Can someone explain why/how the police would lose qualified immunity if they enforce a newly-written law? As has been noted, any new law is enforceable until a court rules that it's not Constitutional.
 
Aguila Blanca said:
Can someone explain why/how the police would lose qualified immunity if they enforce a newly-written law? As has been noted, any new law is enforceable until a court rules that it's not Constitutional.

In a word - Heller.

The longer explanation is that State actors cannot forbid the use of firearms for self-defense in the home. Under this legislation, such use would have to be "authorized" by local law. The State and local authorities have no power to prohibit nor authorize such use.

Under Bateman, the State and local authorities have no power to prohibit nor authorize the defensive use of firearms in or out of the home. Such a law deprives you of your fundamental right to self defense, under color of law, and is actionable under a section 1983 suit. Any sheriff or other police authority trying to enforce a clearly unconstitutional law would lose any immunity that would otherwise attach.
 
With all due respect, Al, I disagree. Under a QI analysis, the officers will not be expected to make an assessment of the constitutionality of the new laws, or of the interaction between Heller and the new laws. Statutes are presumed constitutional, and LEO trying to enforce the new laws will likely be entitled to QI for operating on that presumption.
 
Spats McGee said:
With all due respect, Al, I disagree.
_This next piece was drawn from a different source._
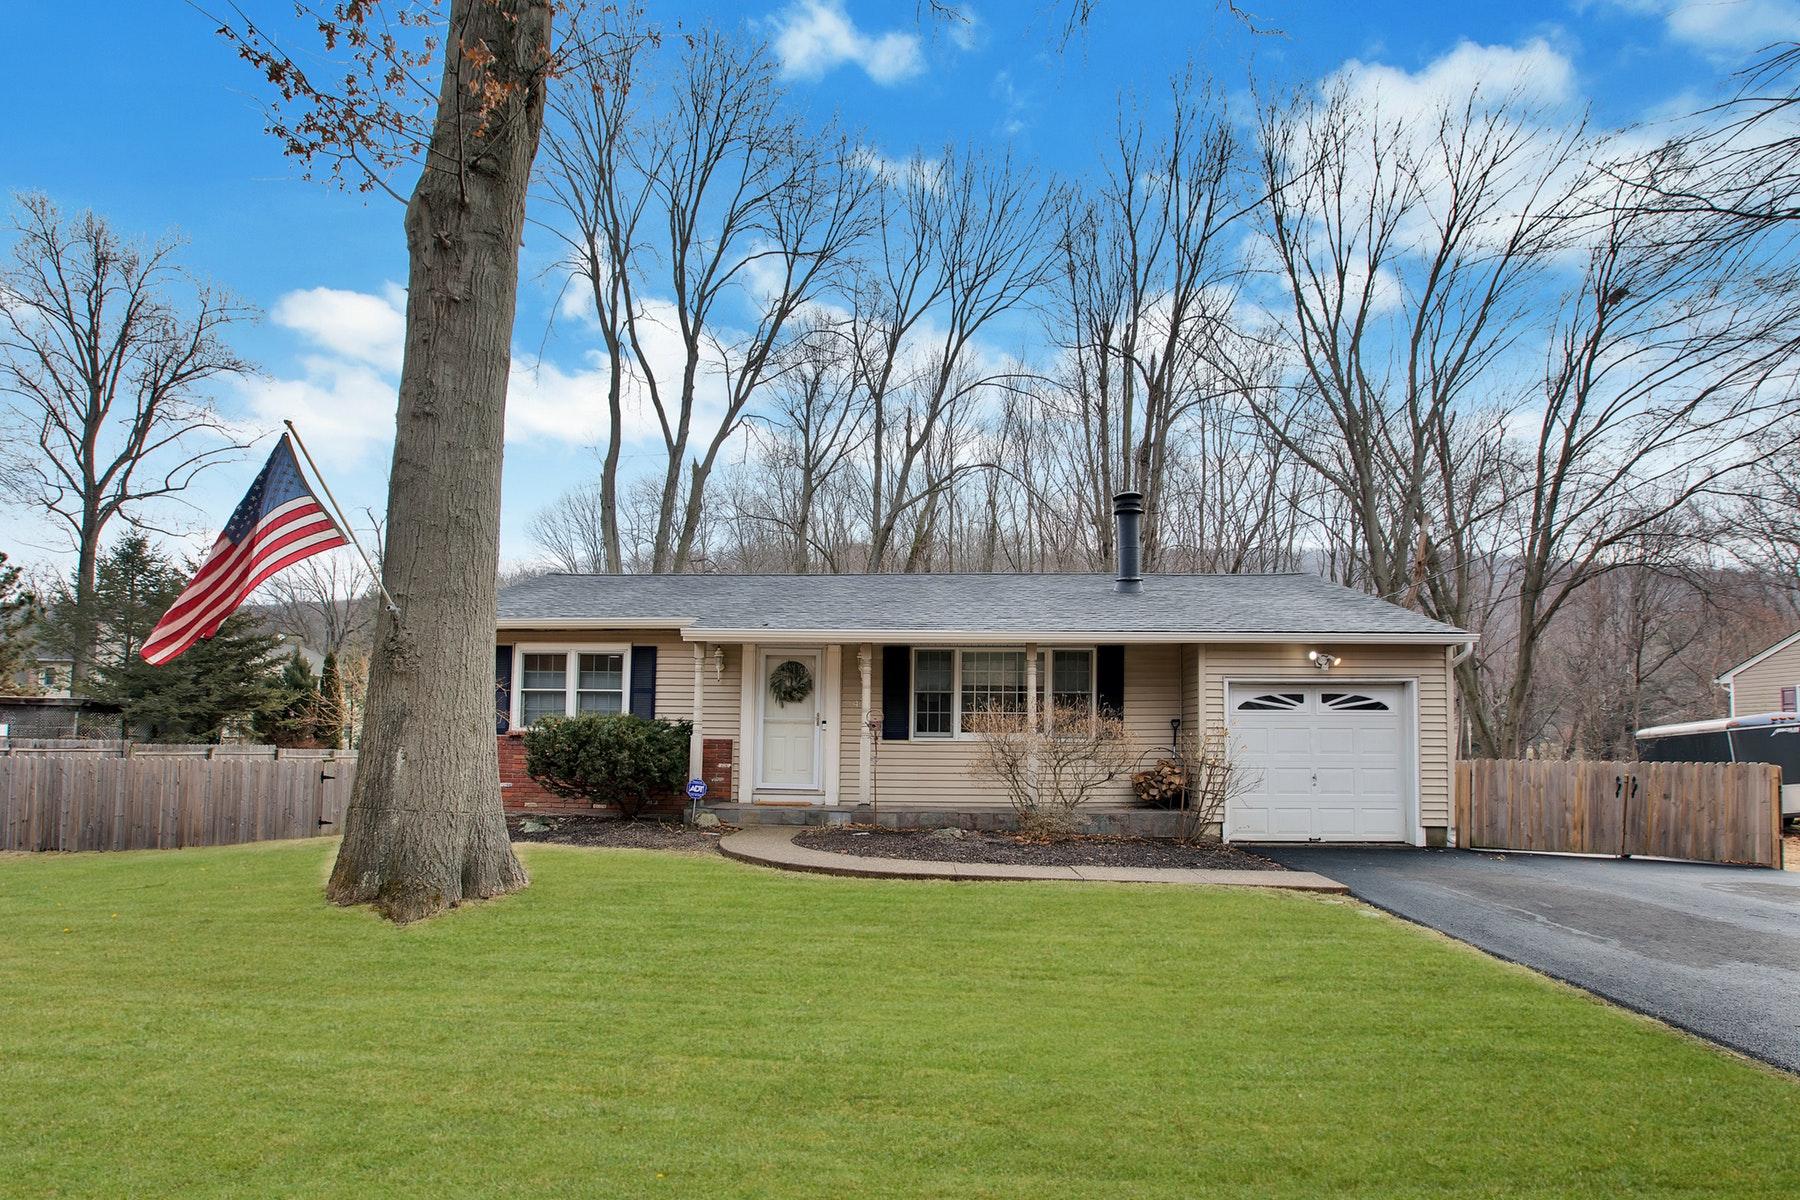 独户住宅 为 销售 在 Welcome Home 455 Conklintown Rd 令伍特, 新泽西州 07456 美国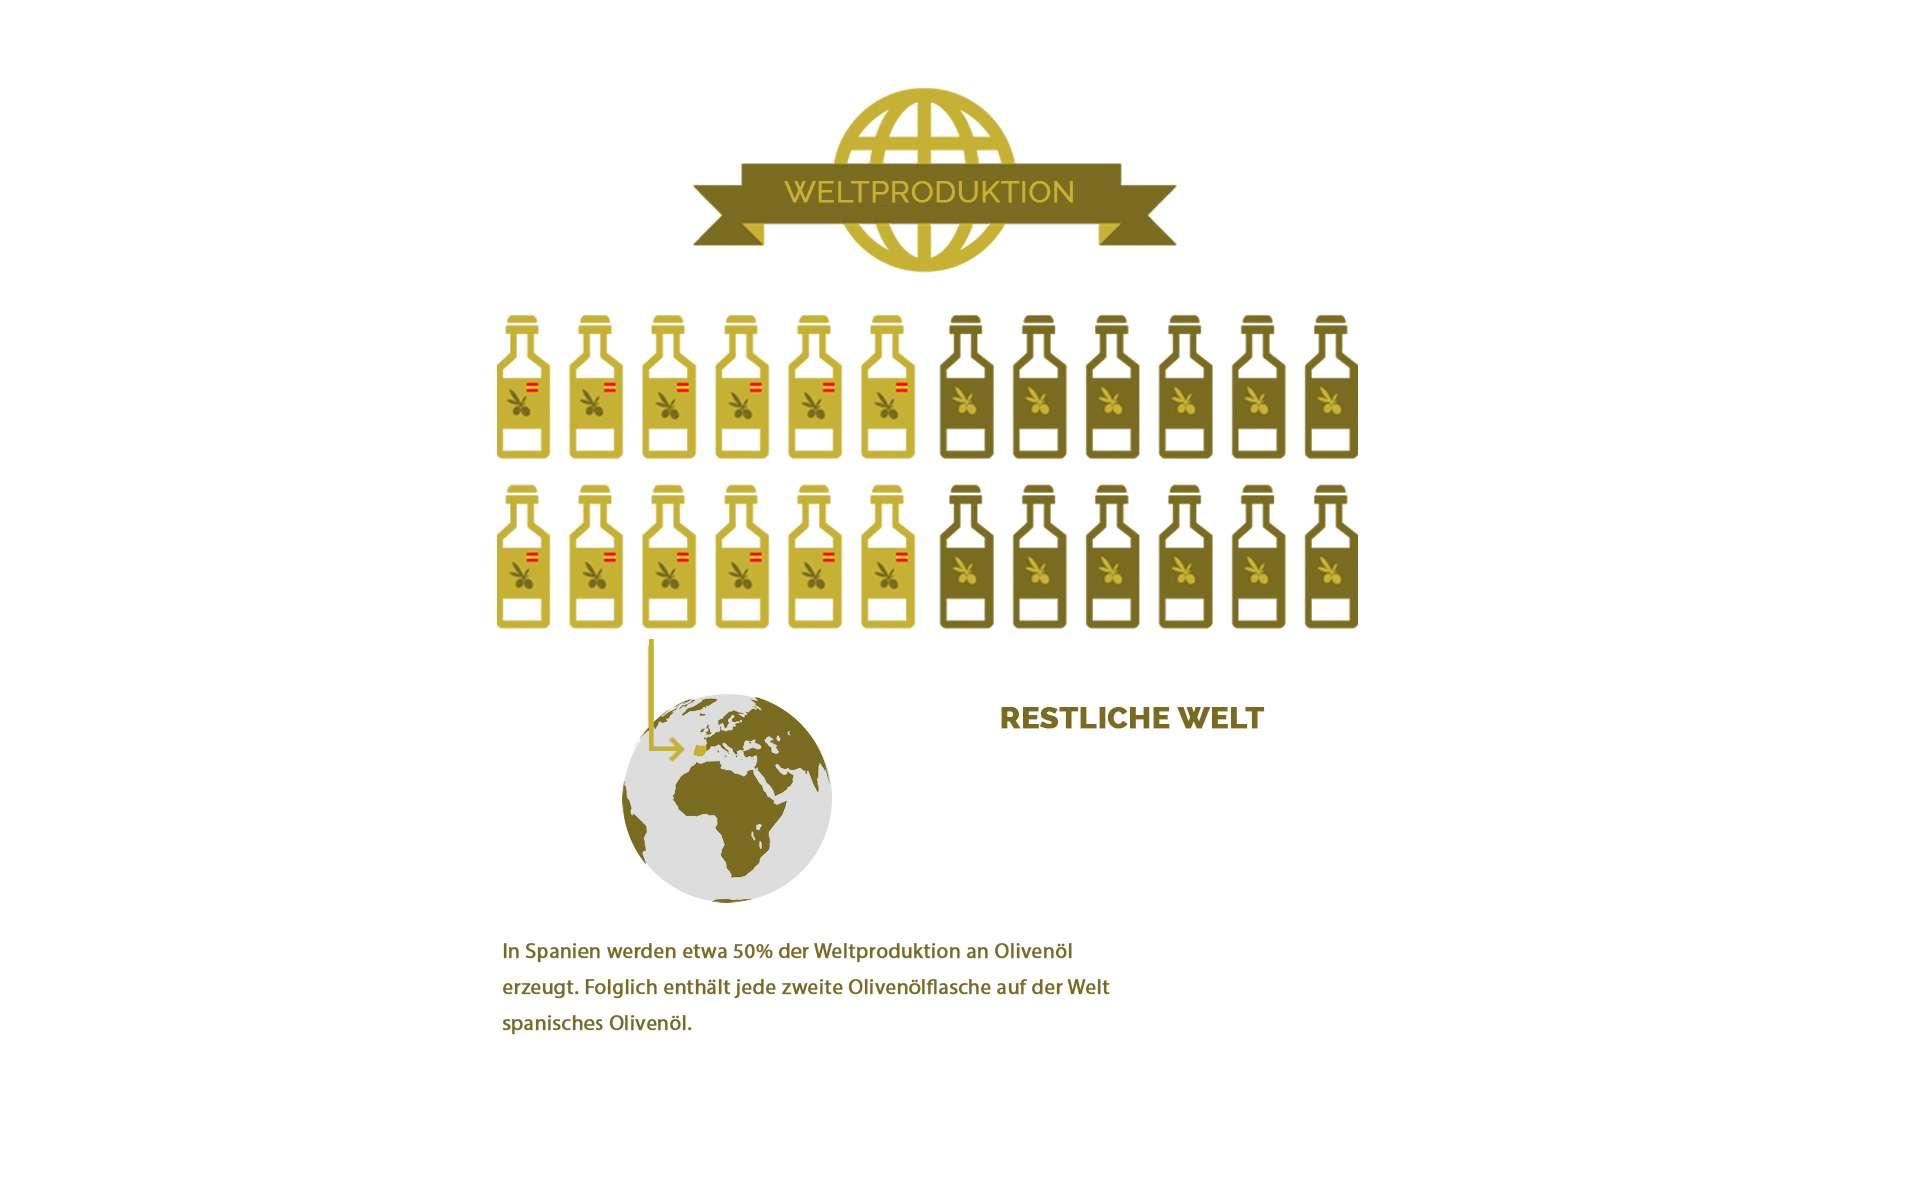 Spanische Olivenöl Weltproduktion

Under a QI analysis, the officers will not be expected to make an assessment of the constitutionality of the new laws, or of the interaction between Heller and the new laws. Statutes are presumed constitutional, and LEO trying to enforce the new laws will likely be entitled to QI for operating on that presumption.
That's about what I thought. It's one thing to continue enforcing a law you know has already been ruled unconstitutional. When the legislature subsequently enacts a new law, which they presumably believe WILL be constitutional, I would be surprised if the police would not be protected by QI for enforcing said new law.